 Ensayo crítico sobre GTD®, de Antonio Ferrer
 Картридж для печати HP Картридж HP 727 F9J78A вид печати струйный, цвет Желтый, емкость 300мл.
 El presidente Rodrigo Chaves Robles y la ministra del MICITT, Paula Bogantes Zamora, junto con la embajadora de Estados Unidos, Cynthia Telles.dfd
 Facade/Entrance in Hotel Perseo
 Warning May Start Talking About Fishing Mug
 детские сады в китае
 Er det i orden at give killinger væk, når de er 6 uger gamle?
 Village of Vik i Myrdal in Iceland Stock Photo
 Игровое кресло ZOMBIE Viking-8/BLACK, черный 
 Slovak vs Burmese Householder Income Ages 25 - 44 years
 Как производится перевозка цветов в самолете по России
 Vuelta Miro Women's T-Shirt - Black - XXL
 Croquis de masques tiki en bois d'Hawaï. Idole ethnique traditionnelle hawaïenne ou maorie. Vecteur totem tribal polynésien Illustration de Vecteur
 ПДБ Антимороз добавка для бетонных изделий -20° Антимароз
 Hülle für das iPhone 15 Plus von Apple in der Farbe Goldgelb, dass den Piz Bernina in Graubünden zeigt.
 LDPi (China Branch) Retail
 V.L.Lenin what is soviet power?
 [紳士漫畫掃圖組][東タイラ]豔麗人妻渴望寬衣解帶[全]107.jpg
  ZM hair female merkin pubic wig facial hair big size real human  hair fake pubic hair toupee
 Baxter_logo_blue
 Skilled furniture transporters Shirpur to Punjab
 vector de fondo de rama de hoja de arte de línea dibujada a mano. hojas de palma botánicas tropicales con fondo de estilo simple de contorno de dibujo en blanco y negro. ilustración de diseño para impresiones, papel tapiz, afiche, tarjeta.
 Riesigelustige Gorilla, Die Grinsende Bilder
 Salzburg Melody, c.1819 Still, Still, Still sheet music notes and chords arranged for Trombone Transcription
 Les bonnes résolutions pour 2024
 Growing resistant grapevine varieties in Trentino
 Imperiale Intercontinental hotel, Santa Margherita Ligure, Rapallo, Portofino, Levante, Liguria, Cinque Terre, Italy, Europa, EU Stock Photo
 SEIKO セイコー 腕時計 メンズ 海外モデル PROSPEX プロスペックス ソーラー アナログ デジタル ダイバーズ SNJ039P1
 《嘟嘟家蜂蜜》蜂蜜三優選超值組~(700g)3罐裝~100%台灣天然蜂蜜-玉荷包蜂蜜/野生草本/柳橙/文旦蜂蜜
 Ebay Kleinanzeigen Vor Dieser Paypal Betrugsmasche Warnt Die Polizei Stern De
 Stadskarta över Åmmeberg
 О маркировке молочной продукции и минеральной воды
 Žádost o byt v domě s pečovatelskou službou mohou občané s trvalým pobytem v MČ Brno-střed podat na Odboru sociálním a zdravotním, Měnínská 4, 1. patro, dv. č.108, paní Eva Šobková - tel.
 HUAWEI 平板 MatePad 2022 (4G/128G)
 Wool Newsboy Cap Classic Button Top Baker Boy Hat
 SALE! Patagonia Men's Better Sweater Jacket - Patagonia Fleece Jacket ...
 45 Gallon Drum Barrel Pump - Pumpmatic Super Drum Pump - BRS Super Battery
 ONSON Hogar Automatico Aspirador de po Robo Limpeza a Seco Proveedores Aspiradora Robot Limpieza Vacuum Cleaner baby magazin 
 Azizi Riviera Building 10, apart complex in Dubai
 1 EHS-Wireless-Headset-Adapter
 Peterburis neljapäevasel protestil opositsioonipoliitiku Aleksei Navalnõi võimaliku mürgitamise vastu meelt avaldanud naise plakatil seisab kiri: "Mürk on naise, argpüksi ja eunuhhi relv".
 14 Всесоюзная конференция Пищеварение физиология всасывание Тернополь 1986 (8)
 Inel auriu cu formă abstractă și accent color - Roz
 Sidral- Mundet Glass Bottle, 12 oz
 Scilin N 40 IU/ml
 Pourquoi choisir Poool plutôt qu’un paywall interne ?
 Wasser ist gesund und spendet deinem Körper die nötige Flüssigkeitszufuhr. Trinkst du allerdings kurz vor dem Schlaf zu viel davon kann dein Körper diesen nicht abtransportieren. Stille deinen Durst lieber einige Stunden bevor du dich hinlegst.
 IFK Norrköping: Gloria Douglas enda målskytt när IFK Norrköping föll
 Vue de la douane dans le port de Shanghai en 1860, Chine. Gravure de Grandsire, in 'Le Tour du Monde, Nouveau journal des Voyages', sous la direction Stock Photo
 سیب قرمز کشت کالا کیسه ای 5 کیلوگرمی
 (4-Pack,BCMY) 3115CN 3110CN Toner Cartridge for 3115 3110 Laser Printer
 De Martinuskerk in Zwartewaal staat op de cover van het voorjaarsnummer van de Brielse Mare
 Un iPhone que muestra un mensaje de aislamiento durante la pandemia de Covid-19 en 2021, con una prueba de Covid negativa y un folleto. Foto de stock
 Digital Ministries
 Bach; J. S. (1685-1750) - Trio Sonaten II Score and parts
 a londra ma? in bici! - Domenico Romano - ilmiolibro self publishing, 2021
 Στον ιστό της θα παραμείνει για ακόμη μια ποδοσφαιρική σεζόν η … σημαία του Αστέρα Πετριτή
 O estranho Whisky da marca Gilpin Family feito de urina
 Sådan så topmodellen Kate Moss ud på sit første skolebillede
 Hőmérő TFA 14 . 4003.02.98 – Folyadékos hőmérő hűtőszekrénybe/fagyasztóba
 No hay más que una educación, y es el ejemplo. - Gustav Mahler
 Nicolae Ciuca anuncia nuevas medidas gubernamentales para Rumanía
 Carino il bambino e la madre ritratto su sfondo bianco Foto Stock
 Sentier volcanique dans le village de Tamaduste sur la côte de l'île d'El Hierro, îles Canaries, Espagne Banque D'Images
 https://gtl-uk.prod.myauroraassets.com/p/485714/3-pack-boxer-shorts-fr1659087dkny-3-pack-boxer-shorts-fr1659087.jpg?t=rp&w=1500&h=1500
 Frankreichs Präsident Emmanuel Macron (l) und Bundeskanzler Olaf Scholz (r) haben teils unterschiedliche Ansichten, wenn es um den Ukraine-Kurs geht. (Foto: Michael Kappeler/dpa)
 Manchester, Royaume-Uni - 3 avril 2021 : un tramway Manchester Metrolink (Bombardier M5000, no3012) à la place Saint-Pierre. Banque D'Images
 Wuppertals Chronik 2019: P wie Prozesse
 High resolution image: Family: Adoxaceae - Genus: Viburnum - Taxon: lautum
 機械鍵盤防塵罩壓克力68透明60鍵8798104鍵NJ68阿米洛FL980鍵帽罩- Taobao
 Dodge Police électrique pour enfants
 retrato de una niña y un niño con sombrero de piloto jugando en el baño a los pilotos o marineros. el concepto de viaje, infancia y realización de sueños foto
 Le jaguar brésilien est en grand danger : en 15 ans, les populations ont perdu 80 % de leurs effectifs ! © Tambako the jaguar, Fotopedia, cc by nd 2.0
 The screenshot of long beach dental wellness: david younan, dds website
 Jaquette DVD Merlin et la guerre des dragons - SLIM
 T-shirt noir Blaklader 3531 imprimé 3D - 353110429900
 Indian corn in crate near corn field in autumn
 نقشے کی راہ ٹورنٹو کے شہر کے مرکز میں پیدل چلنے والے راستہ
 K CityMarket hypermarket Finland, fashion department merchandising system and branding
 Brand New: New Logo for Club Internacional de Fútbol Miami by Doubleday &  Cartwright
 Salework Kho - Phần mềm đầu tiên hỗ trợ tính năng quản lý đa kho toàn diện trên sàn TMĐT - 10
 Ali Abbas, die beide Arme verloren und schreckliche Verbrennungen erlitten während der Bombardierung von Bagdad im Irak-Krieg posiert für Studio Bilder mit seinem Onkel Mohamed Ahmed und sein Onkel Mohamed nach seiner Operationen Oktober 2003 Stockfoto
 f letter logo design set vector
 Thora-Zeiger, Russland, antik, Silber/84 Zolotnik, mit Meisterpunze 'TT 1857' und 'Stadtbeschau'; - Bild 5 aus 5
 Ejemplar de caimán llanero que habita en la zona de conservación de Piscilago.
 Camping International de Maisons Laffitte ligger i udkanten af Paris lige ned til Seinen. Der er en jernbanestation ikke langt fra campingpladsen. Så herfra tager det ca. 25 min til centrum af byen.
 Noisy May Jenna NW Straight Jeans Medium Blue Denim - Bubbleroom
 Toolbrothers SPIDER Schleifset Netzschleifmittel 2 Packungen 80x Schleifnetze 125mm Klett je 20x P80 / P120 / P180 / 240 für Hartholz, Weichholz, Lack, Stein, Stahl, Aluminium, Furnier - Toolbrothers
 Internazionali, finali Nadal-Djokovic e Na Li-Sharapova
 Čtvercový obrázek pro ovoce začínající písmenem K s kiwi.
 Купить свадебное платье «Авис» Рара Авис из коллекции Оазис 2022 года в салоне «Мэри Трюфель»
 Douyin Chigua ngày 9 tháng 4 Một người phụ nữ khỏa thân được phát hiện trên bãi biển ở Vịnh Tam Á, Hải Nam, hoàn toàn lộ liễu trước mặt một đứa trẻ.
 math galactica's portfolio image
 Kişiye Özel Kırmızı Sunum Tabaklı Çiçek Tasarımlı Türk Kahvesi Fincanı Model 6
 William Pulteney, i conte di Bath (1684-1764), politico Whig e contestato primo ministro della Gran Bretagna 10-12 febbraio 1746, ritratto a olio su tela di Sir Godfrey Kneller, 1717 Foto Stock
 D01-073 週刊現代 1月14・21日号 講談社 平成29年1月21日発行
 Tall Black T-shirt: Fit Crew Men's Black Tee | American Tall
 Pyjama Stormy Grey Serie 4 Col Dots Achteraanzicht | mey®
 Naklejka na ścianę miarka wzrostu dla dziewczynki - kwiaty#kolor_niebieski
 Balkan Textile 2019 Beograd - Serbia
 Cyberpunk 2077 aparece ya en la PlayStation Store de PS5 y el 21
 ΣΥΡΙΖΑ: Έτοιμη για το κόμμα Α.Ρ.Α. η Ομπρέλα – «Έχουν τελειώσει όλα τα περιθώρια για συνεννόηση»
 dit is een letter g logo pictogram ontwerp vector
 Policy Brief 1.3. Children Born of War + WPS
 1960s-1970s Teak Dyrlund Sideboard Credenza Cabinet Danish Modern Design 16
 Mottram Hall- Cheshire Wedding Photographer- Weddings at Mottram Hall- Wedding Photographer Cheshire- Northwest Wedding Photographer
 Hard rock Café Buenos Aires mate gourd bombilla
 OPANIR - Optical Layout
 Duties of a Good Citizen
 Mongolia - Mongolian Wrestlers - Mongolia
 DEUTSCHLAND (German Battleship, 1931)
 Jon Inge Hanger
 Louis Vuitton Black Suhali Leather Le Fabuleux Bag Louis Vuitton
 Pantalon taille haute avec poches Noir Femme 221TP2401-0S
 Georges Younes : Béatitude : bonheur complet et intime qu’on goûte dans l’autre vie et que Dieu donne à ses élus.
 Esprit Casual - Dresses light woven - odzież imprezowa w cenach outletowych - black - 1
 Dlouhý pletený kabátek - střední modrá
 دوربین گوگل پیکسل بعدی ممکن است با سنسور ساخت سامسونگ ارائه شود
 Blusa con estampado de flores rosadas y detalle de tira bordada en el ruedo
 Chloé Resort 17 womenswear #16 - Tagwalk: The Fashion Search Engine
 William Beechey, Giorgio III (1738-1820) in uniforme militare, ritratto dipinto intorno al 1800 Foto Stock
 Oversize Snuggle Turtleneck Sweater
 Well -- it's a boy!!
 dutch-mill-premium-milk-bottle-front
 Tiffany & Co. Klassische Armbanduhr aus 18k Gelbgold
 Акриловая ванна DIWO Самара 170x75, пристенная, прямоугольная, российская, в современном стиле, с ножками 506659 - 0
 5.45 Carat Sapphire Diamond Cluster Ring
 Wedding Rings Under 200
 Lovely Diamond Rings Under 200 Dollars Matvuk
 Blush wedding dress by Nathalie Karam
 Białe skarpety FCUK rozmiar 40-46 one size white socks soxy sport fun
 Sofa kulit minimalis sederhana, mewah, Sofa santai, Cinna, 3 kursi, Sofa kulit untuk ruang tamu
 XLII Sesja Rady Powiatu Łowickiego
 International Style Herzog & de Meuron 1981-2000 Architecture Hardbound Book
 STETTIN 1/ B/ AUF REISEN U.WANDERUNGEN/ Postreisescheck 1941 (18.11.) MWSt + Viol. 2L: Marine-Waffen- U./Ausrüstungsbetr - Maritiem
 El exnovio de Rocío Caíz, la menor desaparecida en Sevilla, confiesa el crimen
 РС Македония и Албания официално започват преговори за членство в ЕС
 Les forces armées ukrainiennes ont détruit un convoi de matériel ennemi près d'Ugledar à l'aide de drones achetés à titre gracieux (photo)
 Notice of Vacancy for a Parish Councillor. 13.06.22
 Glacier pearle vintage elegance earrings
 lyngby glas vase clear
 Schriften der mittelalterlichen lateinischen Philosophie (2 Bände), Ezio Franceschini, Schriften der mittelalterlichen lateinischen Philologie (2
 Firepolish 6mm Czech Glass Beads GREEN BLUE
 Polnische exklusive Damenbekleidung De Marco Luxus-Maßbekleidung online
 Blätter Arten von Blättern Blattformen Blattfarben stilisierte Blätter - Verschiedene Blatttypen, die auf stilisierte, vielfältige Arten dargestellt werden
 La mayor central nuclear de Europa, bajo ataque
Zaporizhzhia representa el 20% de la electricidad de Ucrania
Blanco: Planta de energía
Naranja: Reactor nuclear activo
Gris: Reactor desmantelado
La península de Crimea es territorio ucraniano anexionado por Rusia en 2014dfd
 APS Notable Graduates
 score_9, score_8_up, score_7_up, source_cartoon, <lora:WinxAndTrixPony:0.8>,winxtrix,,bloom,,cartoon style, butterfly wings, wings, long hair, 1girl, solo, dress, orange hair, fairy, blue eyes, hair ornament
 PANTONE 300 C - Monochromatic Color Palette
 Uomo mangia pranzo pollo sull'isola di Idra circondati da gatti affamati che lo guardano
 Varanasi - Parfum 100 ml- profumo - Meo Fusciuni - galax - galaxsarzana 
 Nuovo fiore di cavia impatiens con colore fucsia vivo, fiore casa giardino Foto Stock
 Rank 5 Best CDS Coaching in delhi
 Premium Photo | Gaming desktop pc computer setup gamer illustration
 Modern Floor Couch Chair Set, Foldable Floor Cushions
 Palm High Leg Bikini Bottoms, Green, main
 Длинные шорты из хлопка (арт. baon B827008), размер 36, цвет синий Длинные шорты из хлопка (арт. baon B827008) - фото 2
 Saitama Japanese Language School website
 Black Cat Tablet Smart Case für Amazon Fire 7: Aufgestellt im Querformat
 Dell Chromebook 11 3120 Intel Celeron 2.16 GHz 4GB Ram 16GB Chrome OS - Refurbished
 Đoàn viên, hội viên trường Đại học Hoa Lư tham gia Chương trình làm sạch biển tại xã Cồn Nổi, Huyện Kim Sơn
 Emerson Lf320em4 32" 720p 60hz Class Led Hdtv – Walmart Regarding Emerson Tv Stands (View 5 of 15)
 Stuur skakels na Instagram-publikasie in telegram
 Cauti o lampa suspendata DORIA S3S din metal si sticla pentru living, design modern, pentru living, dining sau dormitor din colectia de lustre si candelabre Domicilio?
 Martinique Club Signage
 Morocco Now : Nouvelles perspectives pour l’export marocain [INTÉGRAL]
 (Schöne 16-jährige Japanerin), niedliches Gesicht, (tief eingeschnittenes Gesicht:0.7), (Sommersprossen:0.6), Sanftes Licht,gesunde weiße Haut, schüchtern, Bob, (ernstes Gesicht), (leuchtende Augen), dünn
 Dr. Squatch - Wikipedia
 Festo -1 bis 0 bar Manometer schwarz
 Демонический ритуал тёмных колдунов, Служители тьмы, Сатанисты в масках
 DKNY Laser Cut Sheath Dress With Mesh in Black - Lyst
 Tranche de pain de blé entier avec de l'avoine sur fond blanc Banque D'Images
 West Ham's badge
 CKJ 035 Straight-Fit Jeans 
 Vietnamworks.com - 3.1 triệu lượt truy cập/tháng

=====

* TASK DIRECTIONS
Starting at the line above that contains "Chloé Resort 17", repeat each line exactly up to and including the line that contains "Tiffany & Co.", and stop there.

* EXERCISE OUTPUT
 Chloé Resort 17 womenswear #16 - Tagwalk: The Fashion Search Engine
 William Beechey, Giorgio III (1738-1820) in uniforme militare, ritratto dipinto intorno al 1800 Foto Stock
 Oversize Snuggle Turtleneck Sweater
 Well -- it's a boy!!
 dutch-mill-premium-milk-bottle-front
 Tiffany & Co. Klassische Armbanduhr aus 18k Gelbgold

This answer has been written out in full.